In a dramatic escalation, minutes after an EU decision to sanction China over abuses of Uyghurs, Beijing on Monday hit back with counter-sanctions on European parliamentarians, research scholars, and institutions for “maliciously spreading lies and disinformation.”

The Chinese Foreign Ministry released a statement saying it was sanctioning 10 individuals and four entities on the EU side.

They include five members of the European Parliament, one Dutch, Belgian, and Lithuanian MP apiece, as well as Adrian Zenz, a German scholar in the Xinjiang region (where the Uyghurs are concentrated), and Swedish National China Centre Director Bjorn Jerden. These individuals and their families are prohibited from entering or doing any business in China, Hong Kong, and Macao.

The EU Council's Political and Security Committee, the EP’s Subcommittee on Human Rights, the Mercator Institute for China Studies, and the Alliance of Democracies Foundation in Denmark led by ex-NATO chief Anders Fogh Rasmussen were threatened with sanctions.
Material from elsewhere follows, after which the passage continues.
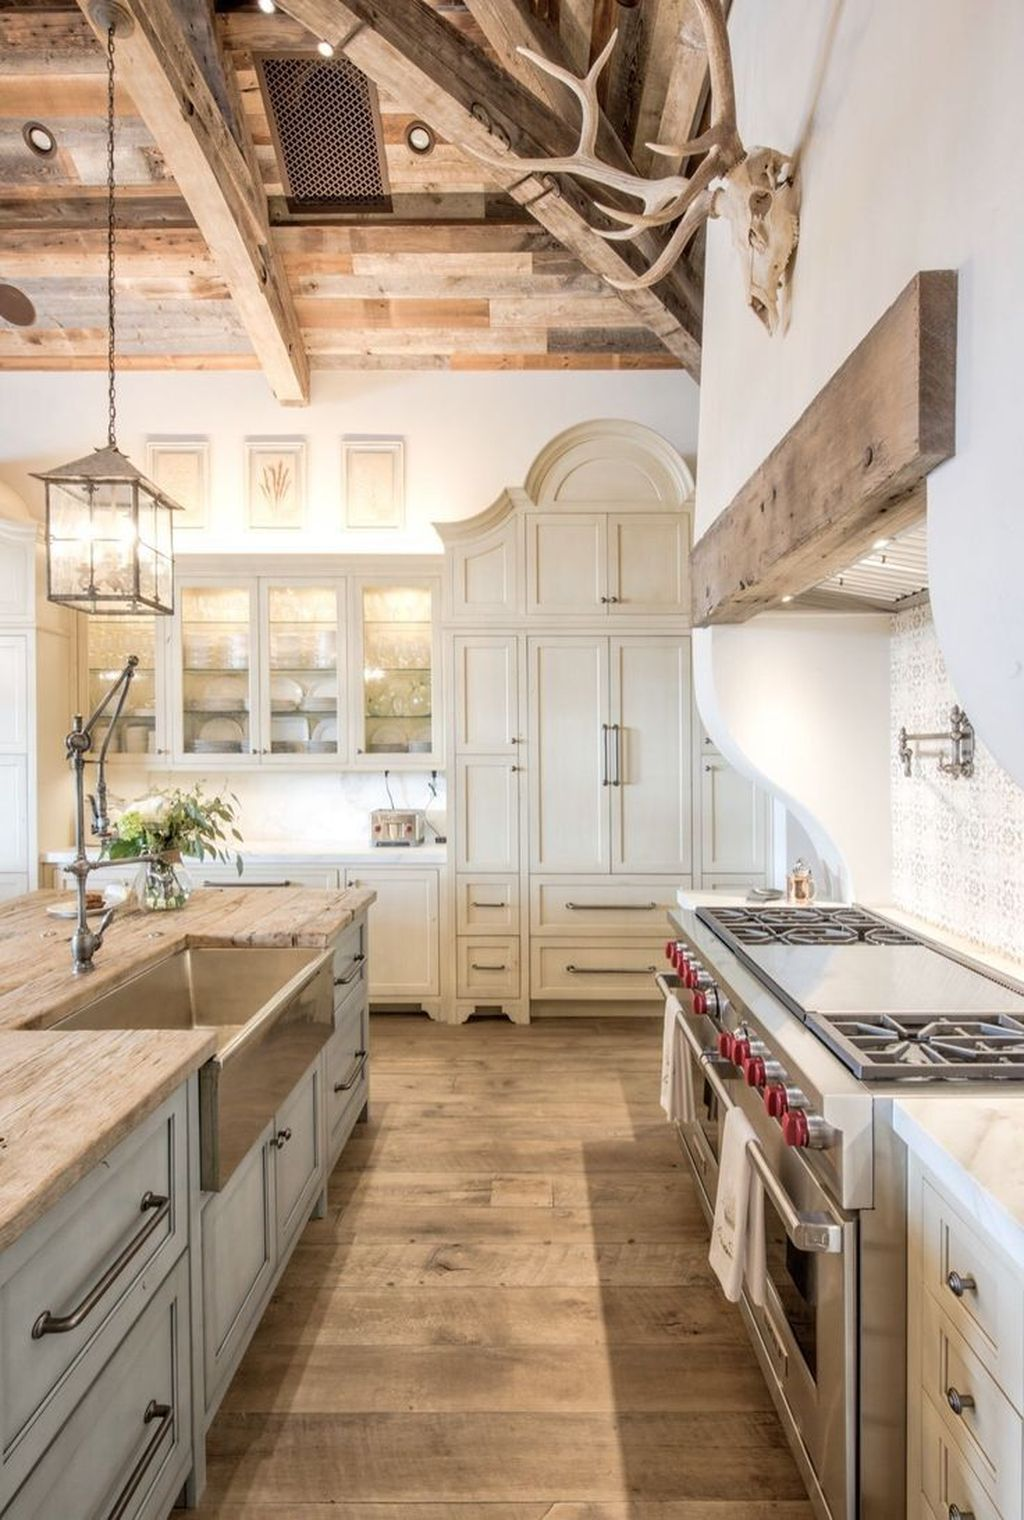 Stunning Farmhouse Interior Design Ideas To Realize Your Dreams 20

The Chinese reaction came shortly after the EU foreign ministers for the first time agreed to impose restrictive measures against four high-ranking Chinese party officials and a company for abuses and the large-scale arbitrary detentions of Uyghurs in the Xinjiang region.

Blasting the sanctions as lies and disinformation that severely undermine China-EU relations, the Chinese statement urged the EU to reflect on and redress the “severity of its mistake.” It threatened to further actions if the EU did not stop interfering in its internal affairs, according to AFP.

Beijing called the sanctions on the “so-called human rights issues in Xinjiang” to be based on distorted facts and in breach of international law and norms governing international relations.

The Inter-Parliamentary Alliance on China (IPAC), whose members are party to the sanctions, deplored attempts to intimidate and silence foreign politicians and research scholars, saying it only serves to undermine and discredit the Chinese government’s message.

French MEP Glucksmann, a vocal critic of China and leading campaigner of the Free Uyghurs movement, said the threats of sanctions will not affect his work. “We will continue to fight against your crimes and to break the silences which surround them.”

Up to 1 million people, or about 7% of the Muslim population in Xinjiang, have been incarcerated in an expanding network of "political re-education" camps, according to US officials and UN experts.